What are local currents?

the movement of ions that spread depolarisation to adjacent regions of a neurone, helping spread an action potential

How do local currents spread depolarisation?

• Na⁺ enters the neurone during depolarisation

  • Positive ions flows sideways inside the axon (down conc gradient)

  • Moves to adjacent resting regions

  • Causes them to depolarise

What happens in the next section of membrane?

• Depolarisation reaches threshold

• Voltage-gated Na⁺ channels open

• A new action potential is generated

Why does the action potential only move in one direction?

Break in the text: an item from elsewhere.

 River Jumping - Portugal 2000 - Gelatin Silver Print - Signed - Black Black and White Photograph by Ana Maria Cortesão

because the previous region is in the refractory period:

• Na⁺ channels are inactivated

• Cannot be depolarised again immediately

What are the 3 factors affecting the speed of transmission of an action potential?

1. myelination

2. axon diameter

3. temperature

How does myelination affect the speed of transmission?

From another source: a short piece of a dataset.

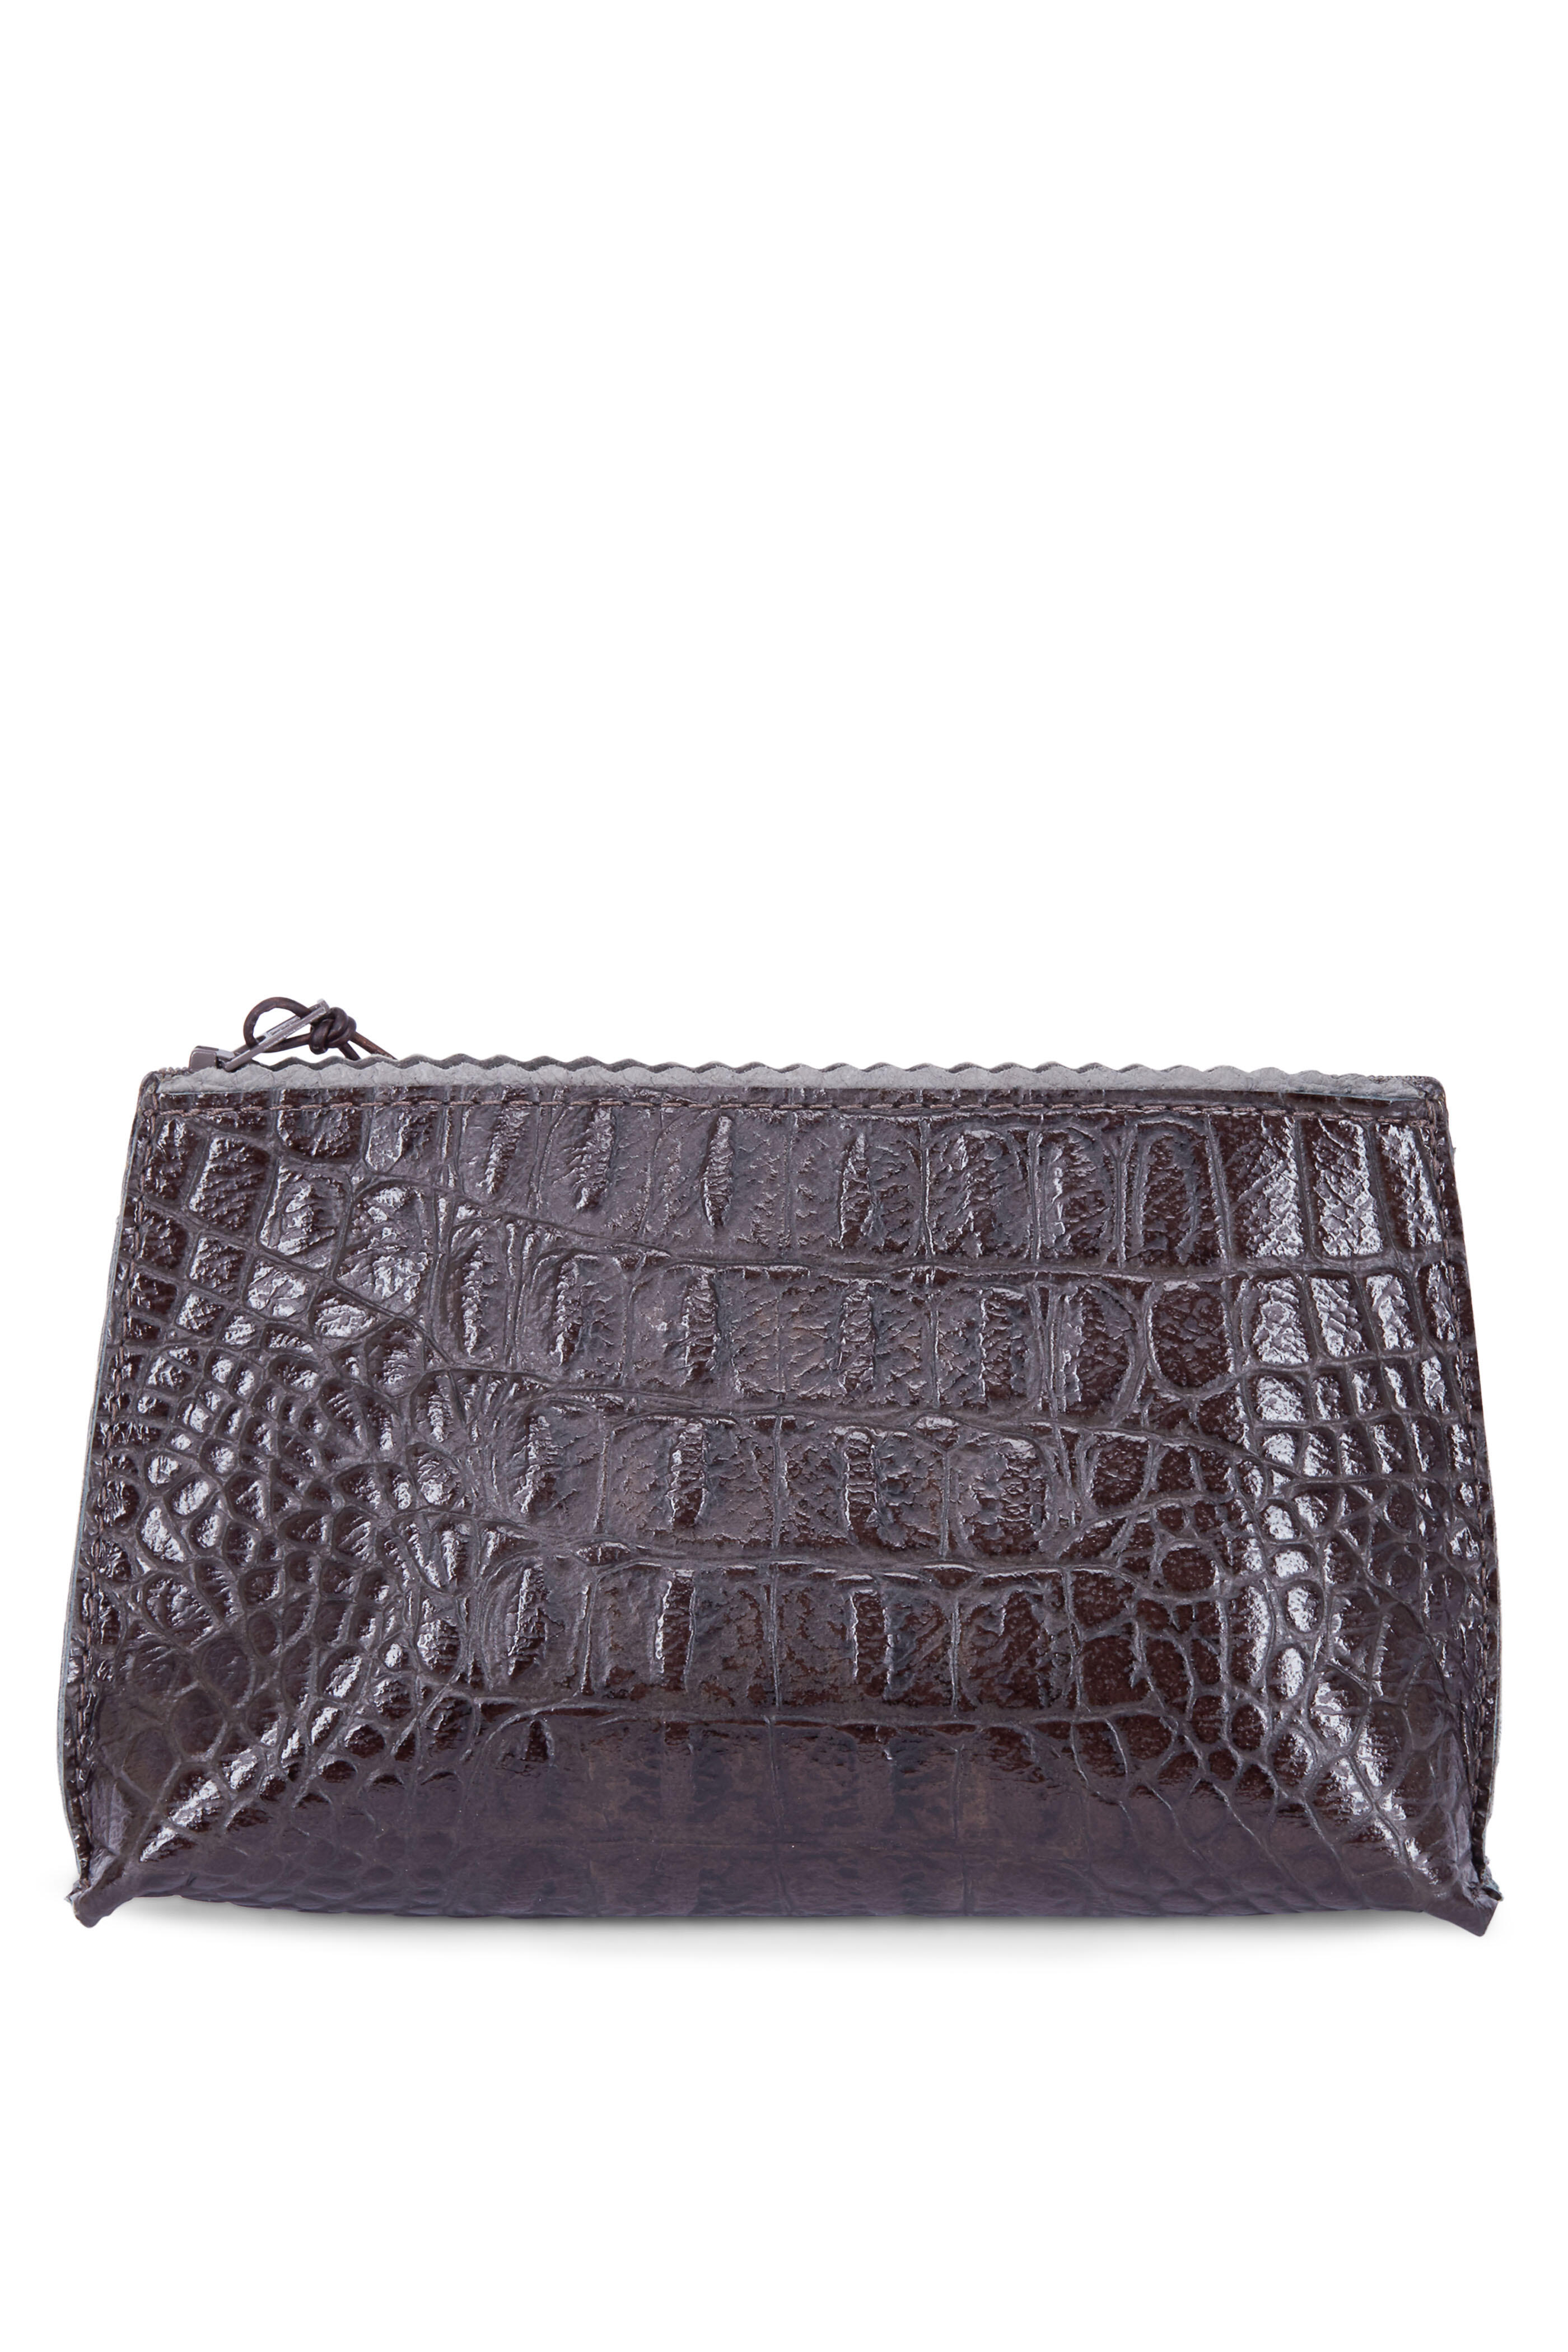 B May Bags - Granite Embossed Croc Lipstick Pouch

• myelin sheath allows for saltatory conduction

• faster

How does axon diameter affect the speed of transmission?

A larger axon diameter means there is less resistance to ion flow, so the wave of depolarisation travels faster along the axon.

How does temperature affect the speed of transmission?

• Higher temperatures accelerate the diffusion of ions, leading to faster depolarisation and faster impulse transmission.

• However, temperatures above 40°C can cause proteins to denature, which results in slower impulse transmission due to membrane damage.

What is saltatory conduction?

the transmission of an action potential along a myelinated neurone where the impulse ‘jumps’ from node to node

Where are action potentials generated in a myelinated neurone?

Only at the nodes of Ranvier (membrane is only depolarised here)

Why don’t action potentials occur in myelinated regions?

• Myelin acts as an electrical insulator

• Prevents ion movement across the membrane

How do local currents behave in saltatory conduction?

• Local currents travel under the myelin sheath - creates a longer localised circuit

• Rapidly carry depolarisation to the next node

What are the advantages of saltatory conduction?

• much faster transmission

• more energy-efficient

• maintains signal strength over long distances

What is the synaptic cleft?

a small gap between 2 neurones

What is a cholinergic synapse?

a synapse that uses acetylcholine as its neurotransmitter

Label this synapse diagram

What are the specialised features of the pre-synaptic bulb?

• many mitochondria

• larger amount of SER - packages neurotransmitter into vesicles

• lots of vesicles containing acetylcholine

• voltage-gated calcium ion channels in the membrane

What happens when an action potential arrives at the synaptic bulb?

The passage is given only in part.